Although the results of the proposed model demonstrate high performance, a number of limitations should be acknowledged to draw an objective picture of its generalizability and applicability in practice. To start with, the Skin Cancer: Malignant vs. Benign dataset involved in this paper does not contain the essential metadata information, i.e., patient demographics, the skin type according to the Fitzpatrick scale, and anatomical distribution of the lesions. Such a lack of contextual information can lead to biases in the dataset because the model will probably be trained on overrepresented skin tones and lesion types. It may limit its applicability and accuracy to diagnose lesions of minority groups or rare dermatopathological manifestations of diseases and may hence be less representative and inclusive in real practice. Additionally, the selected and standardized character of the set does not accurately represent all variability in clinical practice.

Moreover, there still exist some issues of deployment. In practice, inconsistencies in the collection of images, e.g., sunlight, different cameras, artifacts like strands of hair, blotches of ink, or irregular skin texture, can have a negative impact on the behavior of the model, but are not usually present in a curated dataset. Unless further domain adaptation or model retraining is carried out, such factors may undermine the reliability of predictions. Additionally, although the hyperparameter tuning that uses SSO displayed a large increase in model accuracy, there is a high cost of computation involved. SSO is iterative and population-based and requires large processing resources and time to complete; therefore, it is less suitable in settings with limited resources or in real-time applications.
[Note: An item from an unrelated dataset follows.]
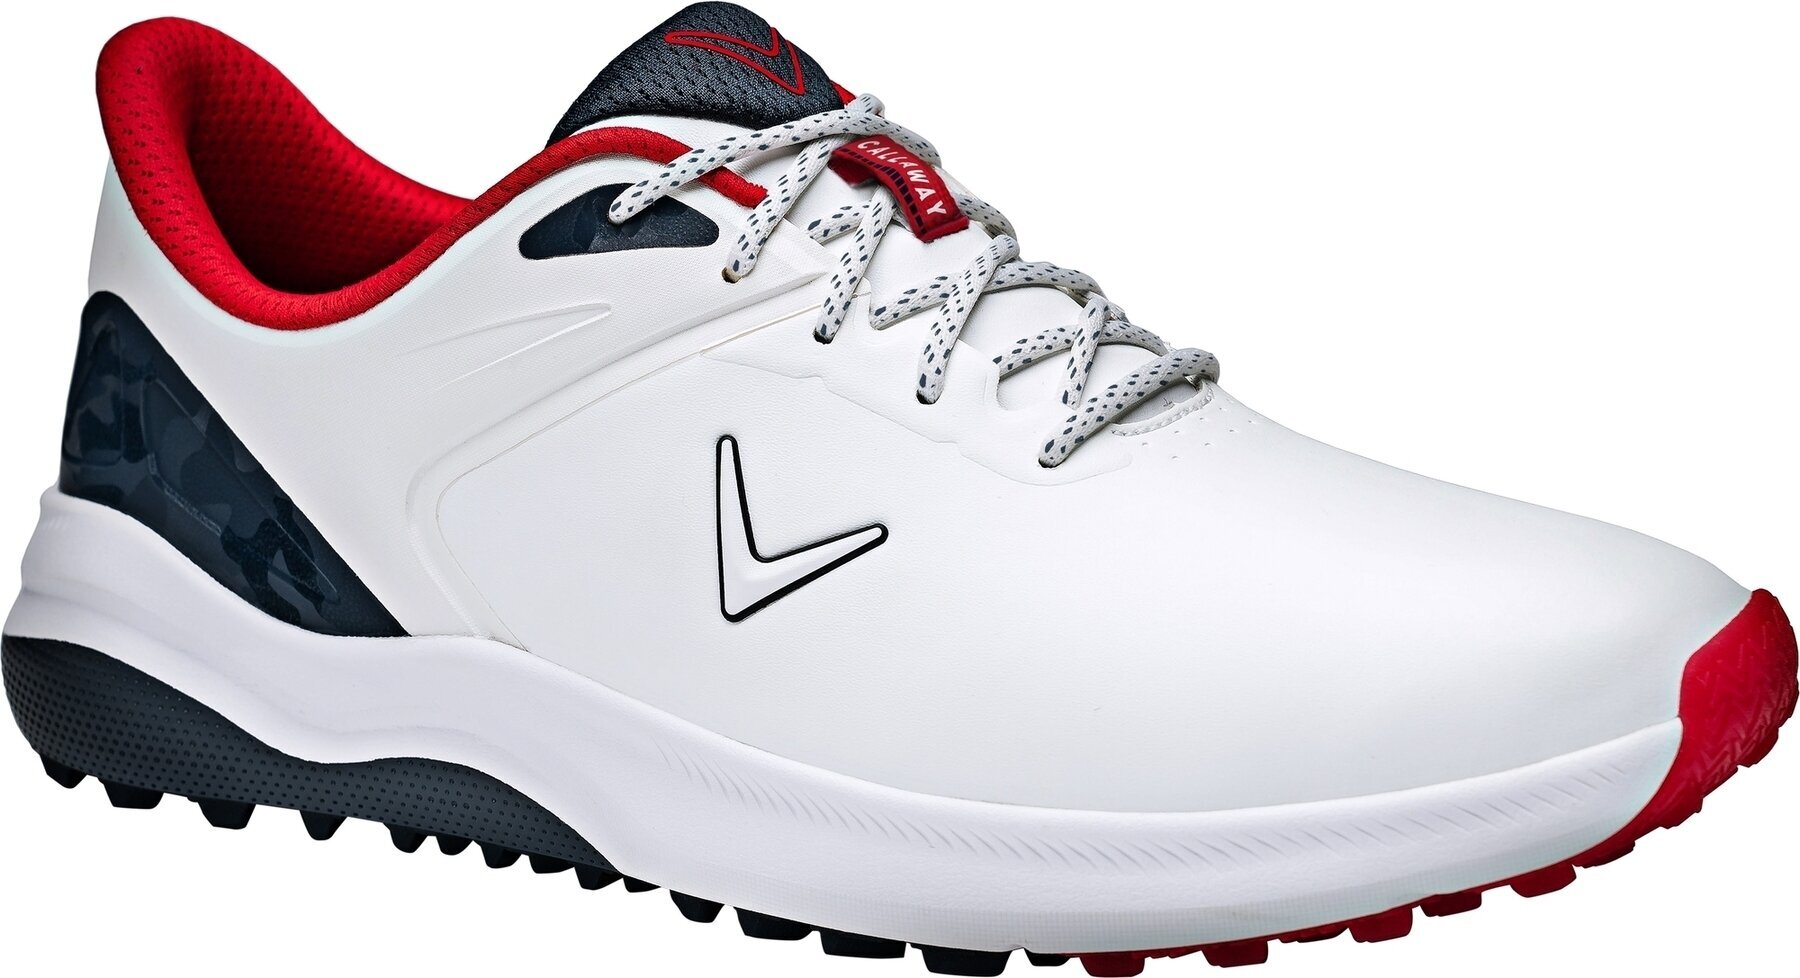 Chaussures de golf pour hommes Callaway Lazer Mens Golf Shoes White/Navy/Red 42

These limitations provide directions for future work that may solve the issues that they represent by including more demographically diverse datasets, validating their models in practical clinical settings, and investigating more efficient or lightweight optimization approaches to enable greater and more equitable deployment.

5. Conclusion

In conclusion, advances in deep learning techniques aid in the diagnosis of skin illnesses, particularly skin cancer. The suggested model takes a systematic approach to preprocessing dermoscopic images, including noise reduction, resizing, and color normalizing procedures. This may enhance image quality. A variety of CNNs, including VGG-19, DenseNet-201, ResNet-50, and MobileNet-V2, were used to classify skin lesions as malignant or benign. Salp Swarm Optimization (SSO) was used to fine-tune hyperparameters such as learning rates and batch sizes, resulting in dramatically improved diagnostic accuracy for these models. The best-performing model, MobileNetV2 with SSO, achieved 94% accuracy, a precision of 0.93 for malignant patients, and a recall of 0.96. This indicates that the model is on track for practical usage in skin disease diagnostic applications.

Several directions for future research can be explored.
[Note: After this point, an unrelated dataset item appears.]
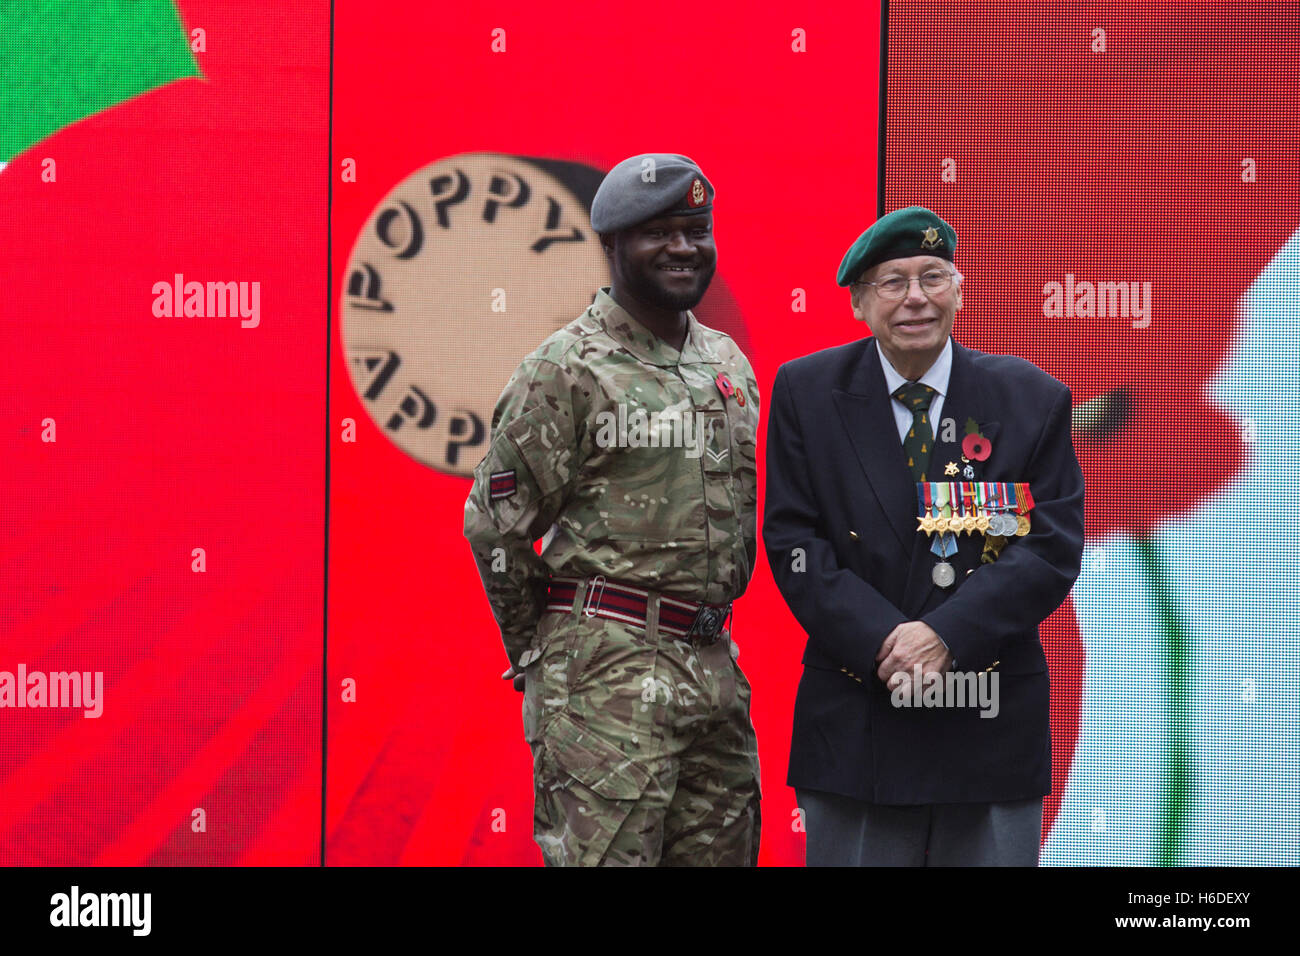 London, UK. 27 October 2016. Pictured: Ben Poku, 34, and Roy Miller, 92. The Royal British Legion’s Poppy Appeal 2016 launches today, Thursday 27 October 2016, with the unveiling of giant video installation in Central London, inviting people to rethink Remembrance. Credit:  Bettina Strenske/Alamy Live News Stock Photo

First, extending the dataset to include more various skin types, patient types, and demographic features would help the model generalize and be more effective in a wider range of clinical contexts. Second, more complex optimization techniques, such as merging neural network topologies and evolutionary algorithms, could improve the model's performance.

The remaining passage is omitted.